------ SOURCE INFORMATION
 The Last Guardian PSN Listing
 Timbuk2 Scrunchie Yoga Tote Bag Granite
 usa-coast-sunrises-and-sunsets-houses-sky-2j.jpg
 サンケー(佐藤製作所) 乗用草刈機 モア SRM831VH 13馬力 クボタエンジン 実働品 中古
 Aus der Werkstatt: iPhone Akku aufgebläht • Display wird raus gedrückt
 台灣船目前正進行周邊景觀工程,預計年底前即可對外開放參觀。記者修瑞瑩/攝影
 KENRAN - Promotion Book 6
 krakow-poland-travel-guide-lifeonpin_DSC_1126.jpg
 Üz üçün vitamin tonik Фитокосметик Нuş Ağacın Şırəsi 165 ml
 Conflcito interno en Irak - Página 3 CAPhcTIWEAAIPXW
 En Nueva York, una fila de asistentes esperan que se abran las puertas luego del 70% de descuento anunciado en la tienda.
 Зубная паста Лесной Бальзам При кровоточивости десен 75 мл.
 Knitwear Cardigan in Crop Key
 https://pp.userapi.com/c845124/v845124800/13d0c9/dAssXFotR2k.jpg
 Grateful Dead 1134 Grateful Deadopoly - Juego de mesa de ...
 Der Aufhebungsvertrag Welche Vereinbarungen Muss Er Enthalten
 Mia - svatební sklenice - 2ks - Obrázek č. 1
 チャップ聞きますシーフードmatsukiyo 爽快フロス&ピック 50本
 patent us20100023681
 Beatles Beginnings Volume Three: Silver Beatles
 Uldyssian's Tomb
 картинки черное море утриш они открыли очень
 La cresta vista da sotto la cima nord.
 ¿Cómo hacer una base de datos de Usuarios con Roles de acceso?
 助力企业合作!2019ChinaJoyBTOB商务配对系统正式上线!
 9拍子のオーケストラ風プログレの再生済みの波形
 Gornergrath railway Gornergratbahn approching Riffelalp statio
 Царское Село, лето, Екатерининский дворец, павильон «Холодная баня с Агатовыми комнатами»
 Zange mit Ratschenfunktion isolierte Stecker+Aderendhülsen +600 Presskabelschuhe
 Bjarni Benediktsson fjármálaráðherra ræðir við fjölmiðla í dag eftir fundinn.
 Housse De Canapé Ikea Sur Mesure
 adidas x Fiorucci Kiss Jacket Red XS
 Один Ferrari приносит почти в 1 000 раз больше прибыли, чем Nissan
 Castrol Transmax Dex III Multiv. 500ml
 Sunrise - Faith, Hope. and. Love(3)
------------
In the records above, return only the line that contains "krakow-poland-travel-guide-lifeonpin_DSC_1126.jpg" and every line after it through the last, exactly as they appear.

 krakow-poland-travel-guide-lifeonpin_DSC_1126.jpg
 Üz üçün vitamin tonik Фитокосметик Нuş Ağacın Şırəsi 165 ml
 Conflcito interno en Irak - Página 3 CAPhcTIWEAAIPXW
 En Nueva York, una fila de asistentes esperan que se abran las puertas luego del 70% de descuento anunciado en la tienda.
 Зубная паста Лесной Бальзам При кровоточивости десен 75 мл.
 Knitwear Cardigan in Crop Key
 https://pp.userapi.com/c845124/v845124800/13d0c9/dAssXFotR2k.jpg
 Grateful Dead 1134 Grateful Deadopoly - Juego de mesa de ...
 Der Aufhebungsvertrag Welche Vereinbarungen Muss Er Enthalten
 Mia - svatební sklenice - 2ks - Obrázek č. 1
 チャップ聞きますシーフードmatsukiyo 爽快フロス&ピック 50本
 patent us20100023681
 Beatles Beginnings Volume Three: Silver Beatles
 Uldyssian's Tomb
 картинки черное море утриш они открыли очень
 La cresta vista da sotto la cima nord.
 ¿Cómo hacer una base de datos de Usuarios con Roles de acceso?
 助力企业合作!2019ChinaJoyBTOB商务配对系统正式上线!
 9拍子のオーケストラ風プログレの再生済みの波形
 Gornergrath railway Gornergratbahn approching Riffelalp statio
 Царское Село, лето, Екатерининский дворец, павильон «Холодная баня с Агатовыми комнатами»
 Zange mit Ratschenfunktion isolierte Stecker+Aderendhülsen +600 Presskabelschuhe
 Bjarni Benediktsson fjármálaráðherra ræðir við fjölmiðla í dag eftir fundinn.
 Housse De Canapé Ikea Sur Mesure
 adidas x Fiorucci Kiss Jacket Red XS
 Один Ferrari приносит почти в 1 000 раз больше прибыли, чем Nissan
 Castrol Transmax Dex III Multiv. 500ml
 Sunrise - Faith, Hope. and. Love(3)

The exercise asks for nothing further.